==== Exercise input
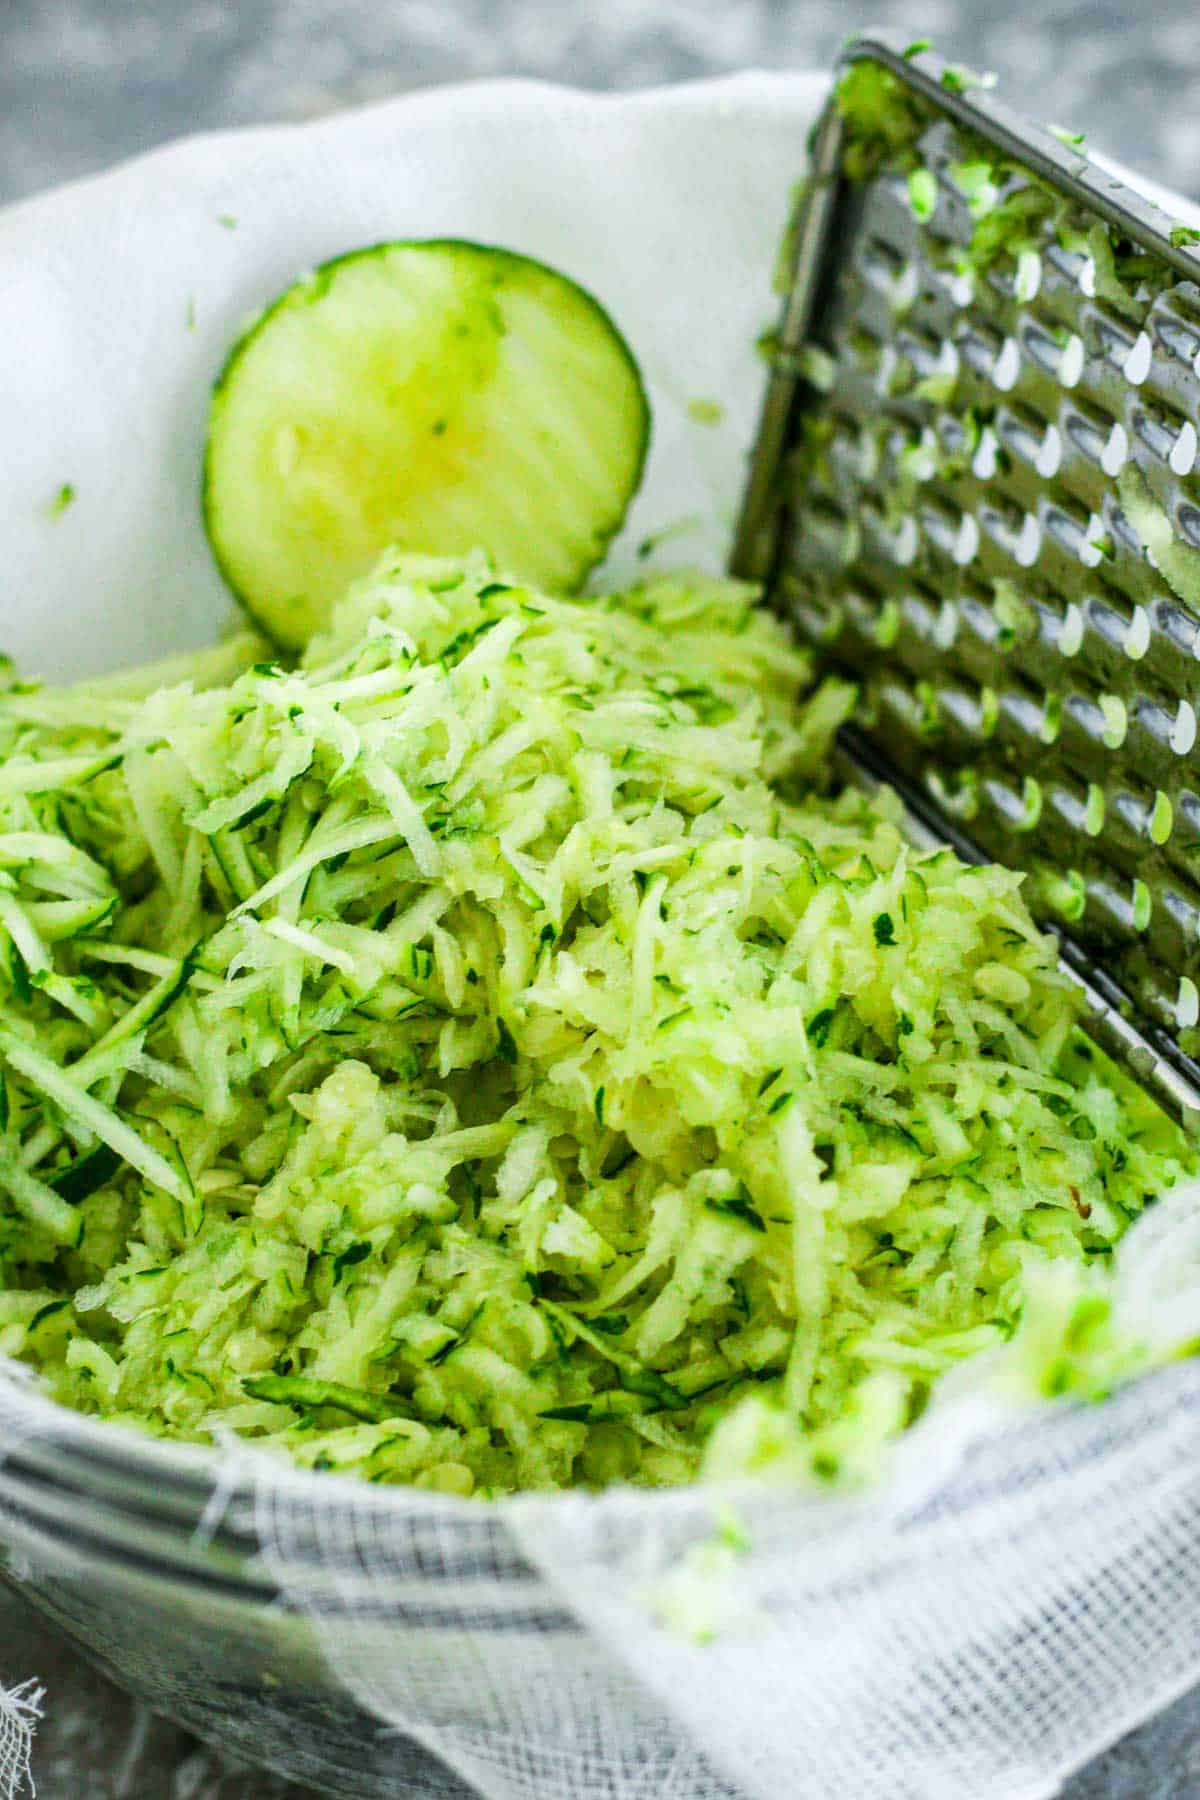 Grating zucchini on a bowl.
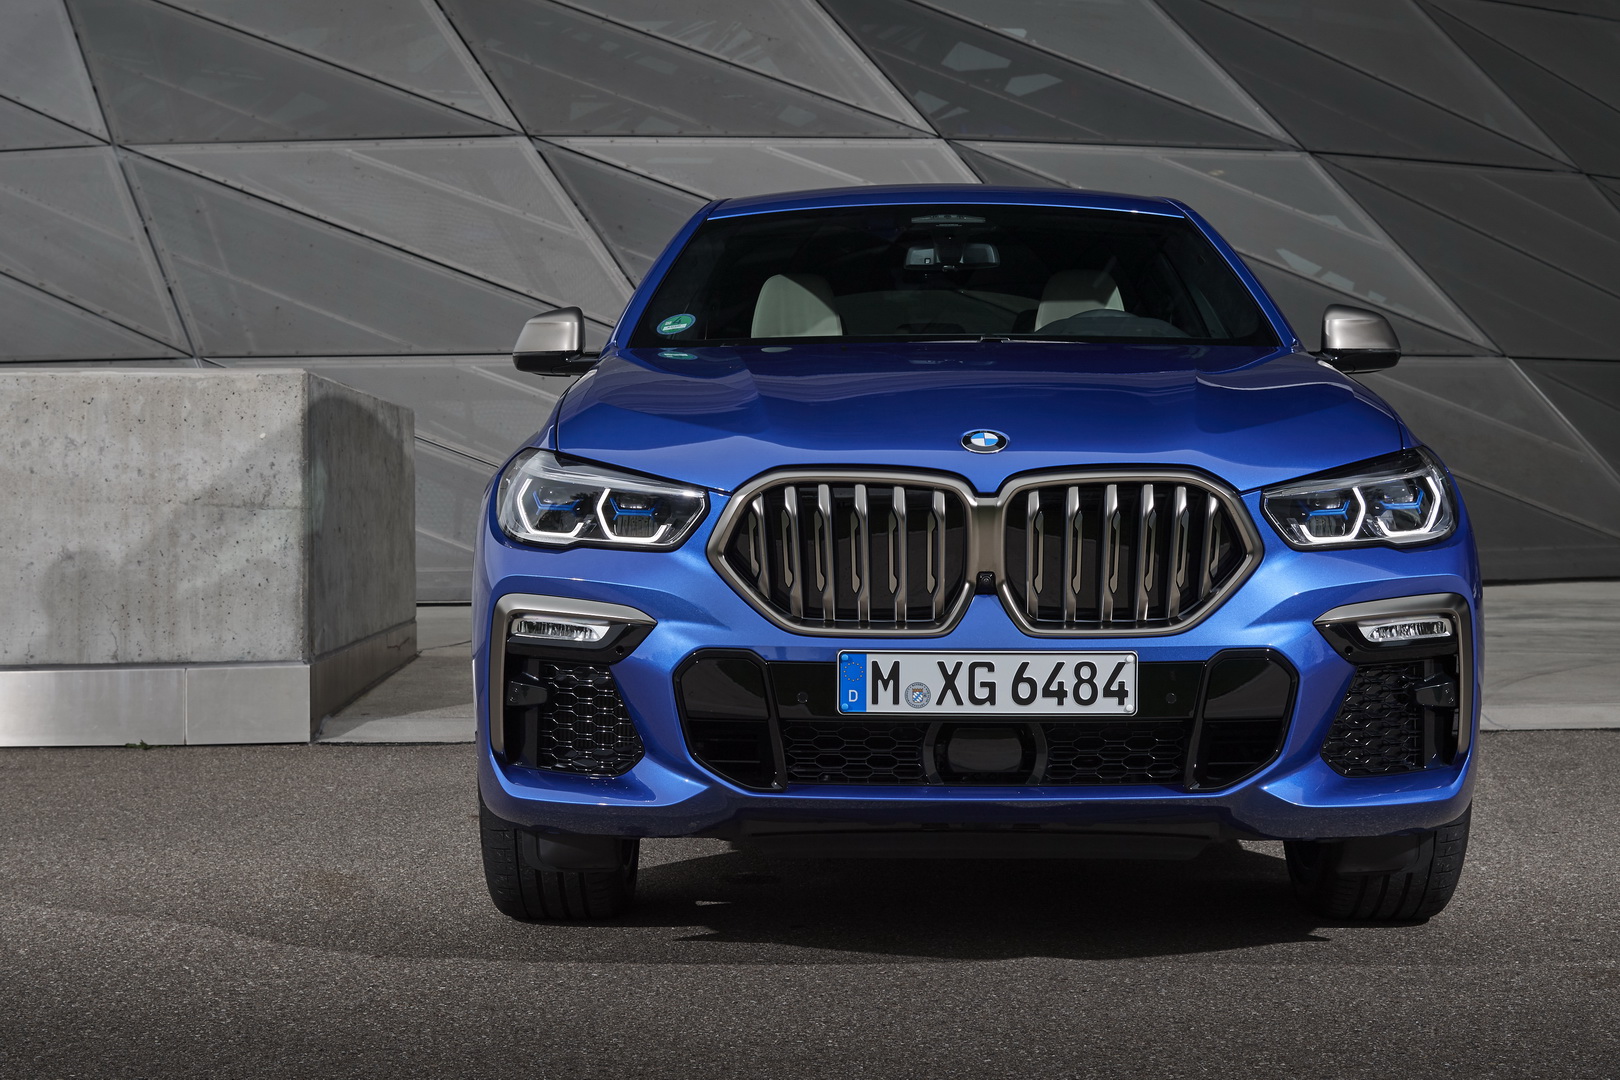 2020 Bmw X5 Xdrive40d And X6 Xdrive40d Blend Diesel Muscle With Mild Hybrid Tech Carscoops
========
==== Exercise input
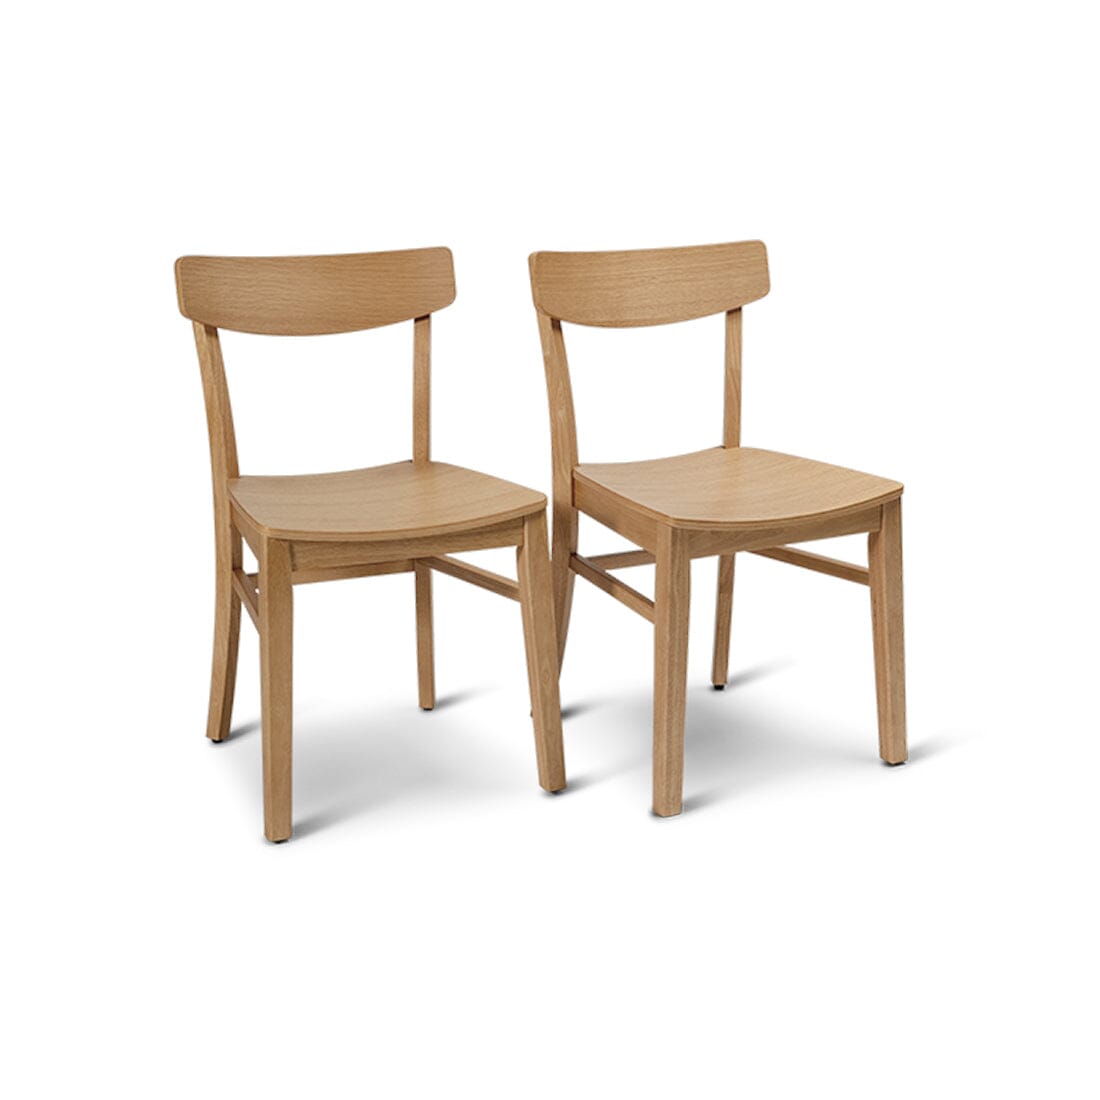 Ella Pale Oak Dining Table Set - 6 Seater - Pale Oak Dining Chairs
========
==== Exercise input
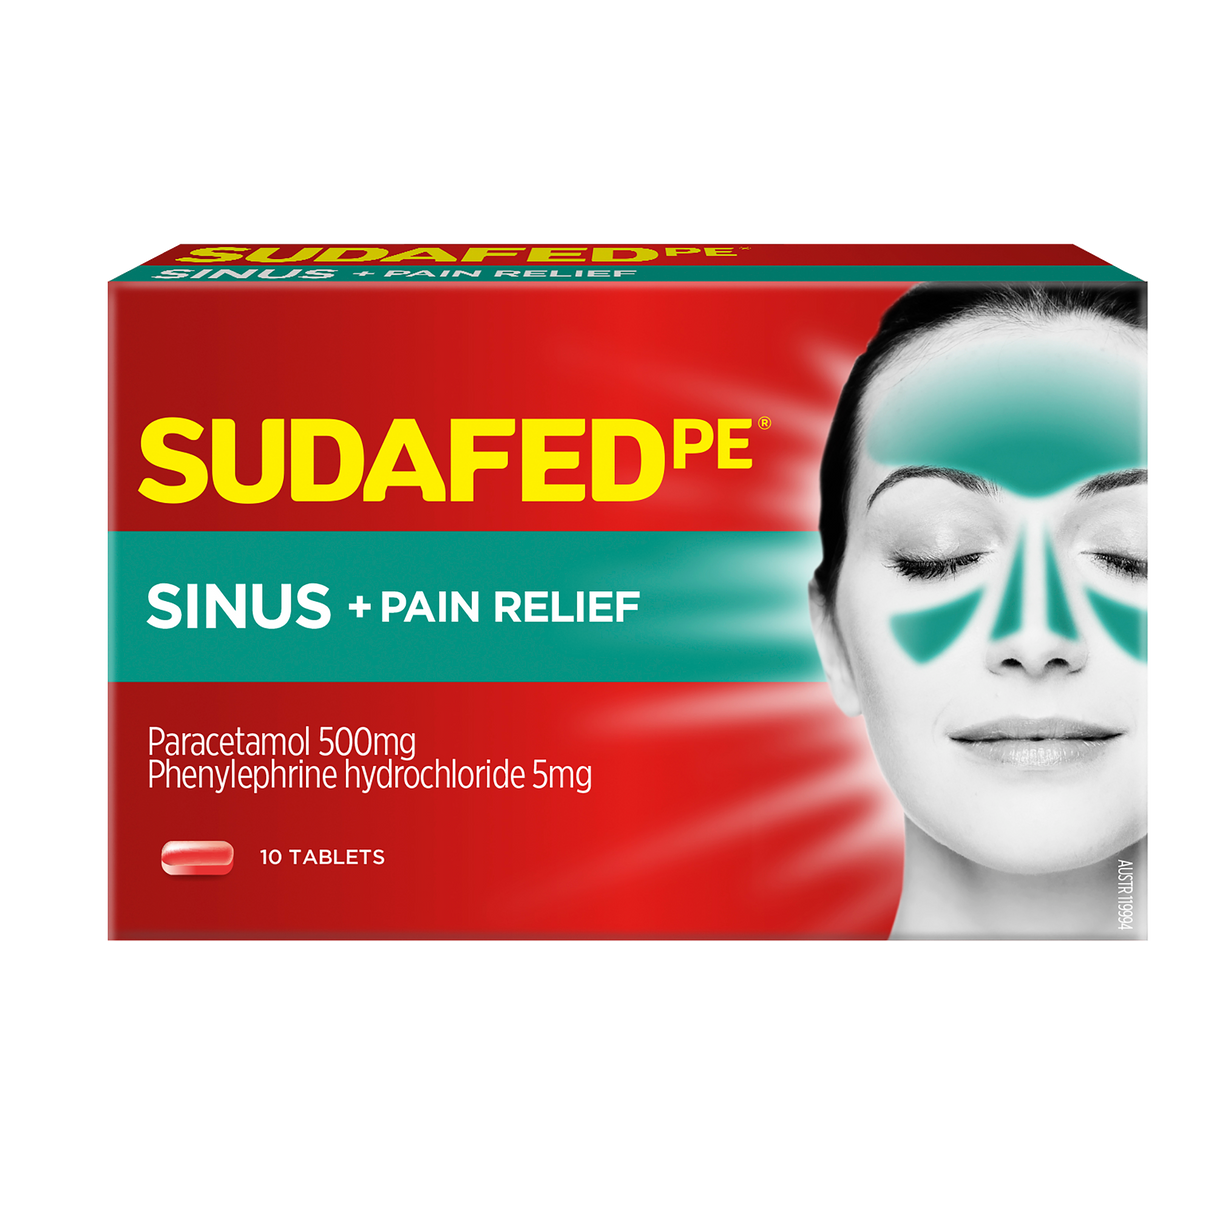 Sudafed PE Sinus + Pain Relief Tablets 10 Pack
========
**Task objective**.
Working from the entries above, reproduce exactly and only the lines beginning with the line that has "Grating zucchini on a bowl." and ending with the line that has "2020 Bmw X5"; omit all pictures.

**Output for this task**.
 Grating zucchini on a bowl.
 2020 Bmw X5 Xdrive40d And X6 Xdrive40d Blend Diesel Muscle With Mild Hybrid Tech Carscoops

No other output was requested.